— Exercise instructions —
Using the listing below, copy exactly the lines from the one containing "Table lists the" to the one containing "600 MAIN ST", both lines included, and no others.
━━━━━ Data shown ━━━━━
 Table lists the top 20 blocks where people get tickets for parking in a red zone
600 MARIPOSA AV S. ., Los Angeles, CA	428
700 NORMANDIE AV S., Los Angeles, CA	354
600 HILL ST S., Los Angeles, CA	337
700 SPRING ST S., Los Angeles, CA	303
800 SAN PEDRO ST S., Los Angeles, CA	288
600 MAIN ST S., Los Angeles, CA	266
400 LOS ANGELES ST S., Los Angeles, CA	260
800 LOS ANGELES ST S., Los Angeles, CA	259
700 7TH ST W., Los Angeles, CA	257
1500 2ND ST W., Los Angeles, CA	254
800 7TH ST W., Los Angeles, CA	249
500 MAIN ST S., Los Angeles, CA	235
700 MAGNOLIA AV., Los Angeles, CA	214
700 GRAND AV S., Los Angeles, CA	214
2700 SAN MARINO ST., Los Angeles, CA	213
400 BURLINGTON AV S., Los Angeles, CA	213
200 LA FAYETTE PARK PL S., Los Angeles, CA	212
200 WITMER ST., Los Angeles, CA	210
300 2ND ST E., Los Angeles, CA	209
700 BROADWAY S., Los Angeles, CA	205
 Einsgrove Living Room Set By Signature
━━━━━
━━━━━ Data shown ━━━━━
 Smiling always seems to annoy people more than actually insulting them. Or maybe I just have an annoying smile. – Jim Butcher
━━━━━
━━━━━ Data shown ━━━━━
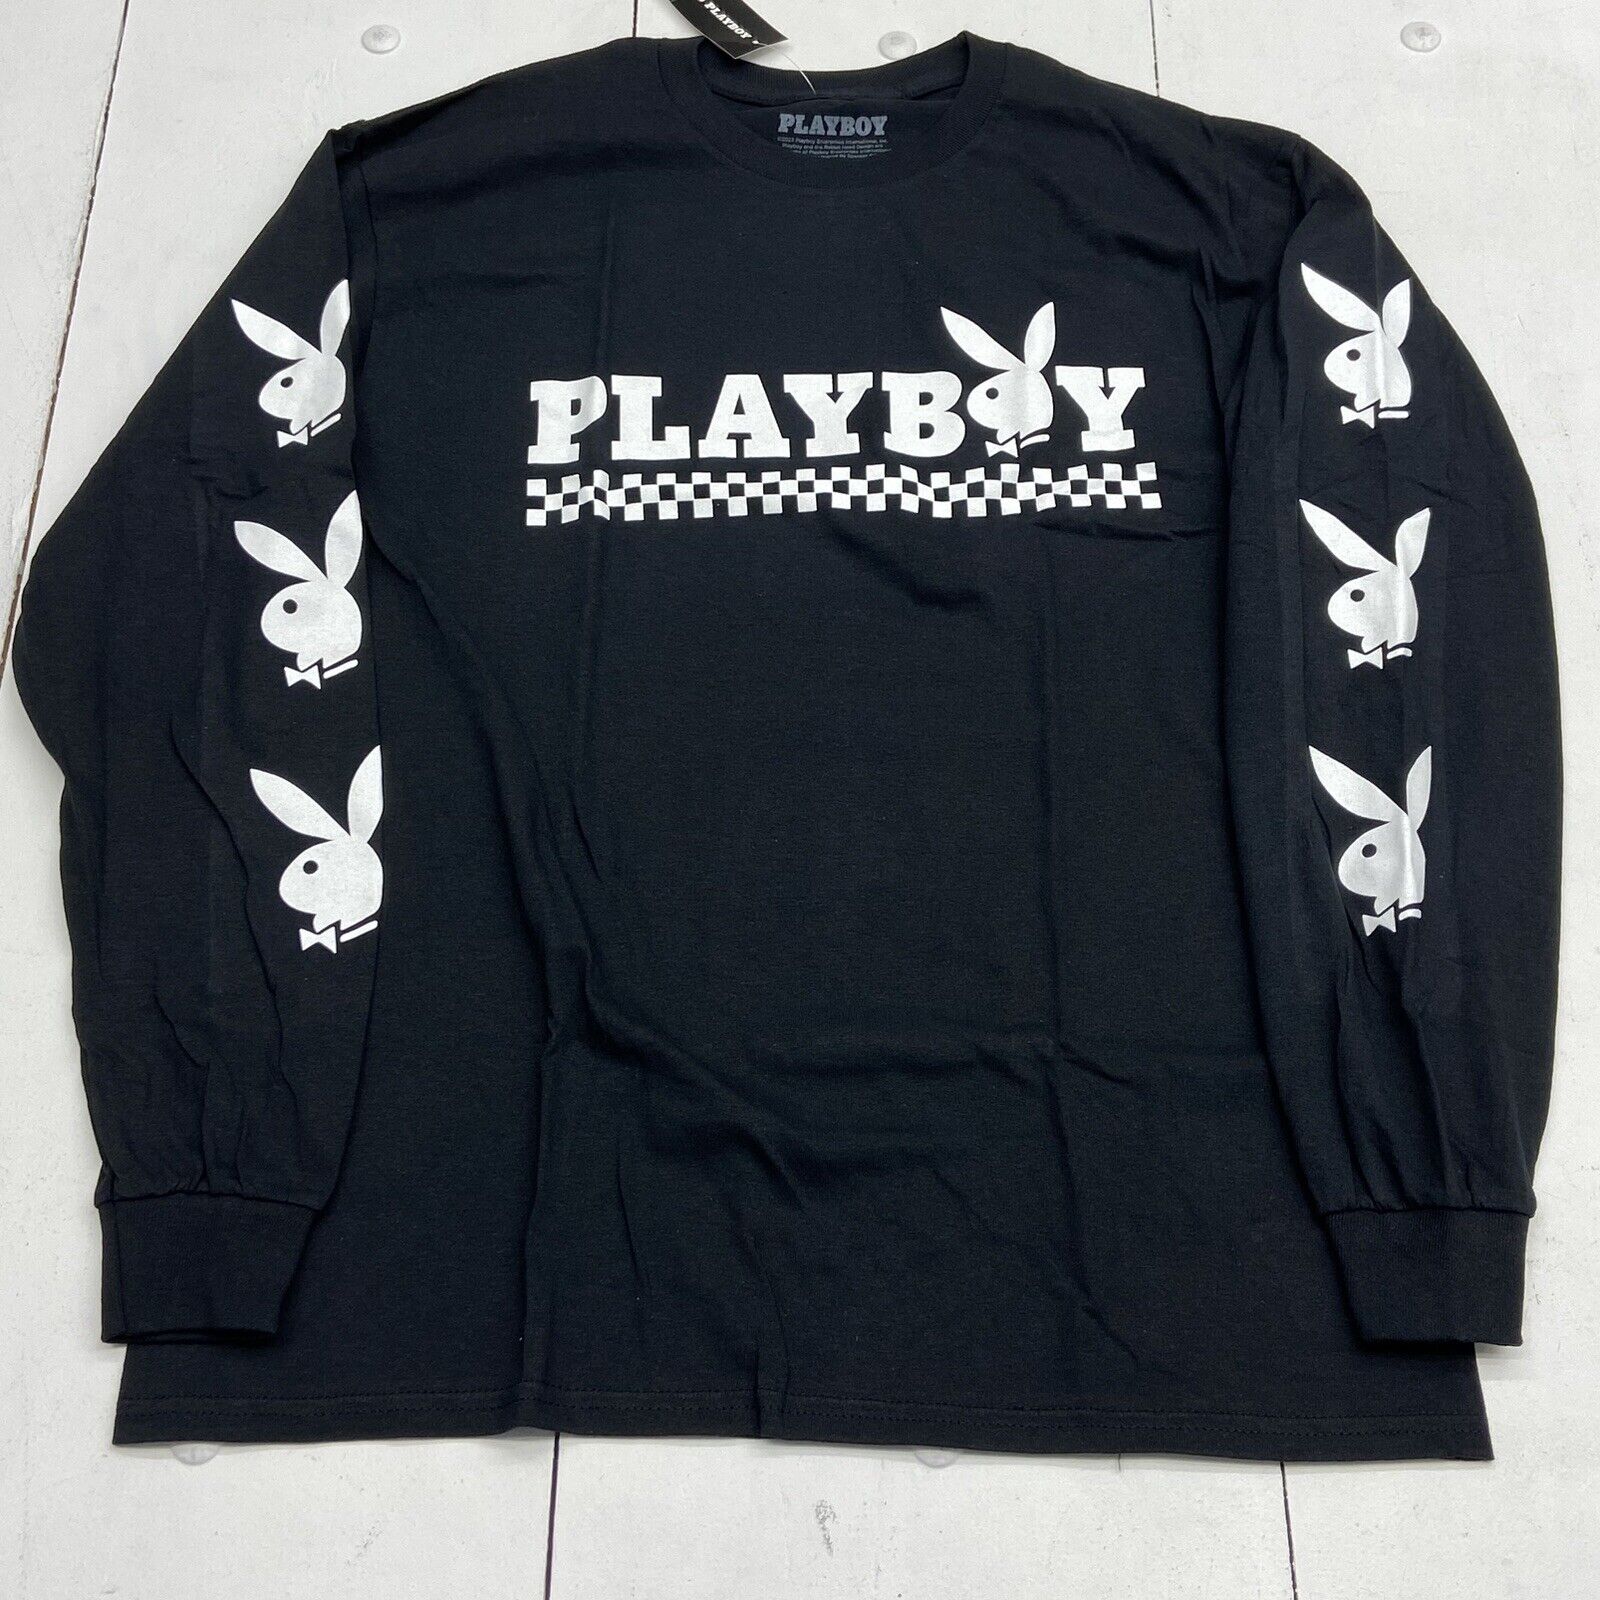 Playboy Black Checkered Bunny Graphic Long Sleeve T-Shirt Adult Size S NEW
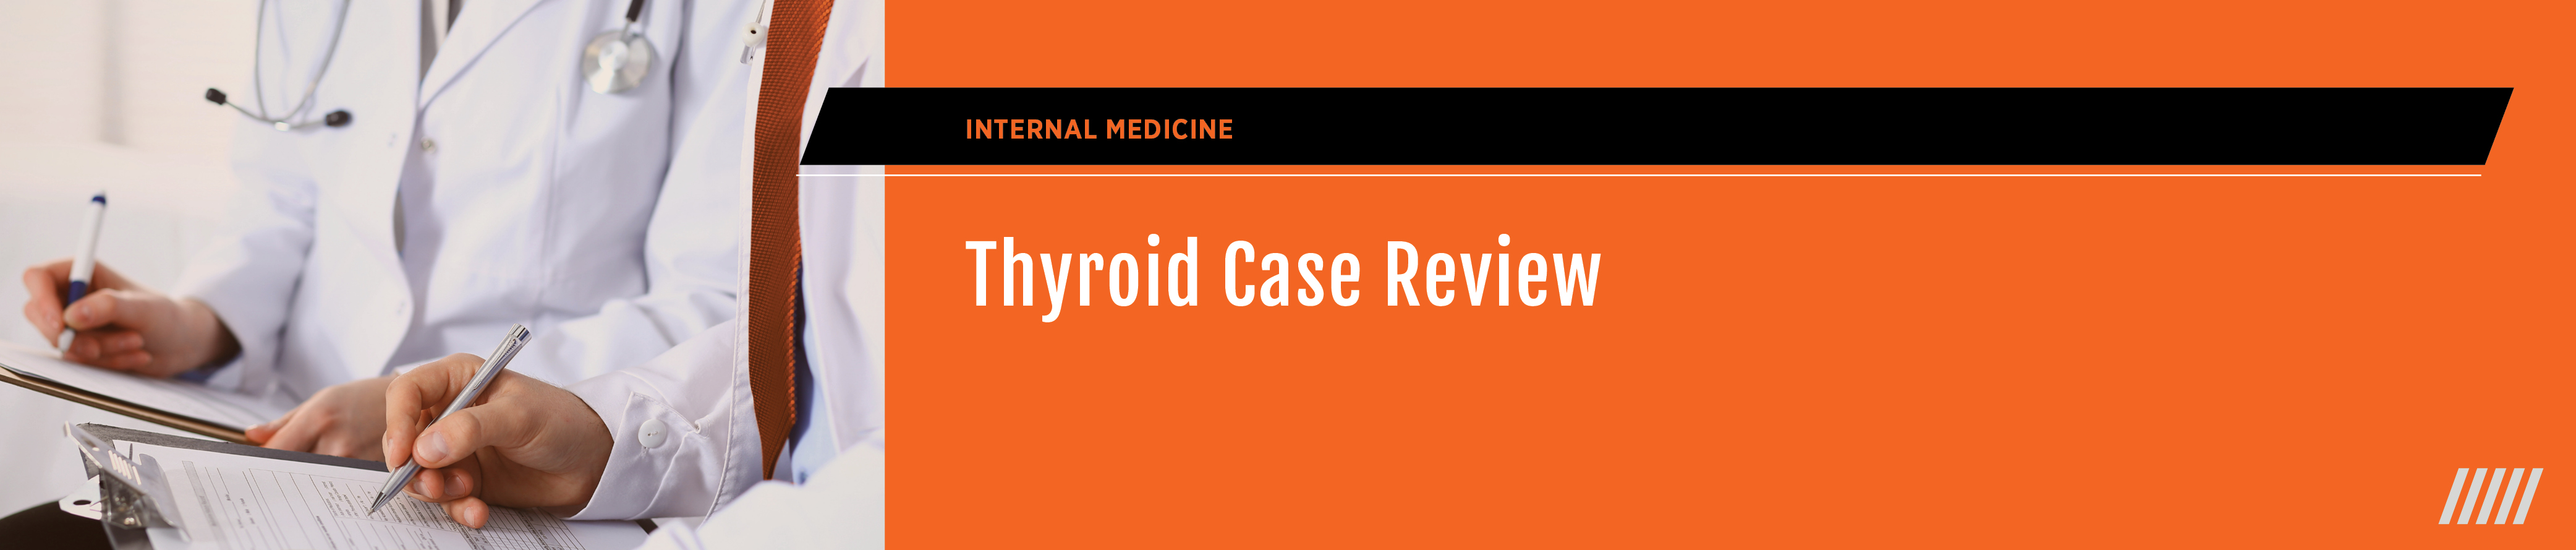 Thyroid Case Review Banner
━━━━━
— Exercise solution —
 Table lists the top 20 blocks where people get tickets for parking in a red zone
600 MARIPOSA AV S. ., Los Angeles, CA	428
700 NORMANDIE AV S., Los Angeles, CA	354
600 HILL ST S., Los Angeles, CA	337
700 SPRING ST S., Los Angeles, CA	303
800 SAN PEDRO ST S., Los Angeles, CA	288
600 MAIN ST S., Los Angeles, CA	266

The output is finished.